Star of the defense: Junior CB Demetrious Nicholson
Tackles: Anthony Harris, 103
Sacks: Jake Snyder, 2.5
Interceptions: Maurice Canady, 2
Player who has to step up and become a star: Junior LB Henry Coley
Unsung star on the rise: Sophomore DE Eli Harold
Best pro prospect: Nicholson
Top three all-star candidates: 1) Nicholson, 2) Junior SS Anthony Harris, 3) Senior DE Jake Snyder
Strength of the defense: Run stopping, the secondary, third-down D
Weakness of the defense: The pass rush, linebacker, takeaways, red-zone D
The Cavaliers are retooling along the D-line after losing their two best tackles and a pair of productive ends. Someone has to step up at an area that underachieved in 2012. The ends will be looking to 6-4, 270-pound Jake Snyder for guidance in the fall. He's started all but one game over the last two seasons, and brings plenty of intangibles to the huddle, but his production has not matched that of a starting end. Last year, despite playing in a career-high 703 plays, for instance, he only managed 44 tackles, 5.5 stops for loss and 2.5 sacks and four pass breakups.
The emerging star on the other side of the line is second-year sophomore Eli Harold, the five-star gem from the 2012 class. He played plenty last season, despite starting just one game, getting his feet wet with 36 tackles, seven stops for loss and a pair of sacks. At 6-4 and 225 pounds, he has the elite athleticism and quick first step that no other pass rusher on the roster can boast. Harold could be ready to take off in 2013.
Sophomore Mike Moore won't generate nearly as many headlines as Harold, but he, too, lettered as a true freshman in 2012. He appeared in all 12 games, chipping in with 14 tackles and two stops behind the line. At 6-4 and 265 pounds, he has the right frame to backup Snyder as a strongside end.

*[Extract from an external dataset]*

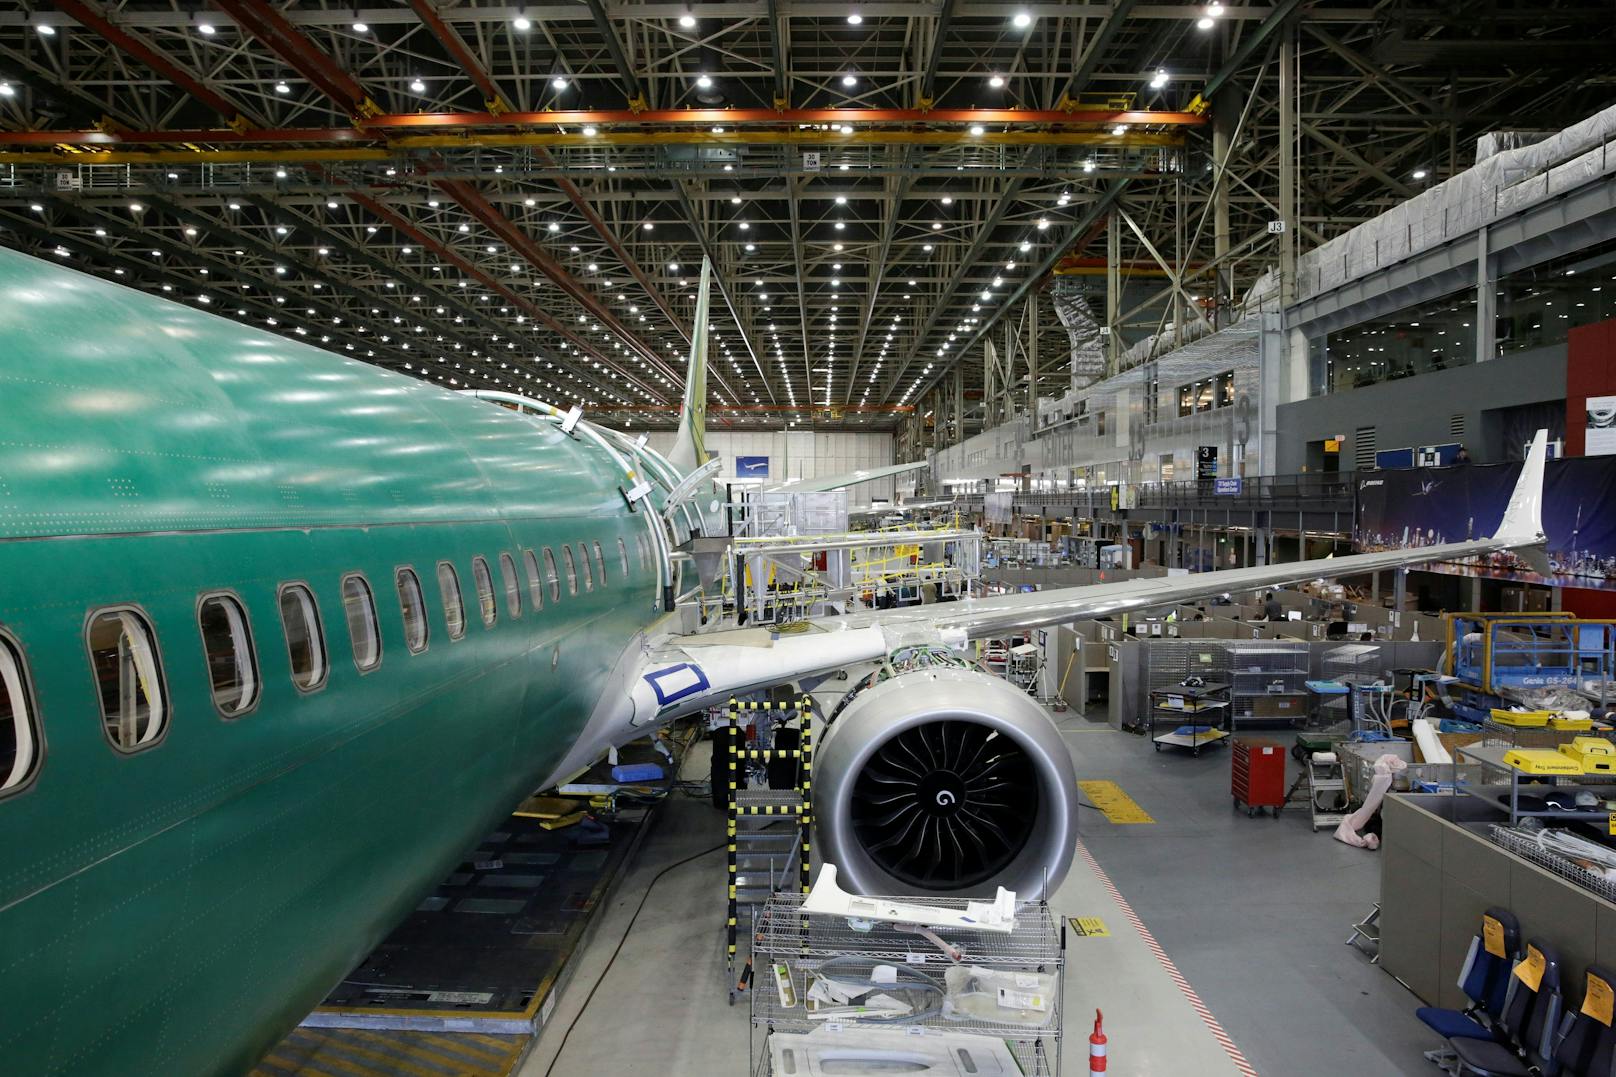 Wieder Mängel bei Boeing-Flugzeug aufgetaucht

The losses of tackles Chris Brathwaite and Will Hill were significant blows to the front wall. Looking to pick up some of the slack will be 6-7, 280-pound senior Brent Urban, who has had a very good offseason in Jon Tenuta's attacking scheme. The Canadian native plays with good footwork, and has the long wingspan needed to disrupt the quarterback's field of vision. As a 12-game starter last year, though, he quietly produced just 20 tackles and two sacks.
Battling to become a newcomer in the starting lineup at tackle is 6-1, 280-pound sophomore David Dean, the D's most improved player of the spring. He played sparingly as a rookie, making three tackles and a sack off the bench. The staff hopes his quickness, motor and low center of gravity will lead to disruptive bursts through the gaps of opposing O-lines.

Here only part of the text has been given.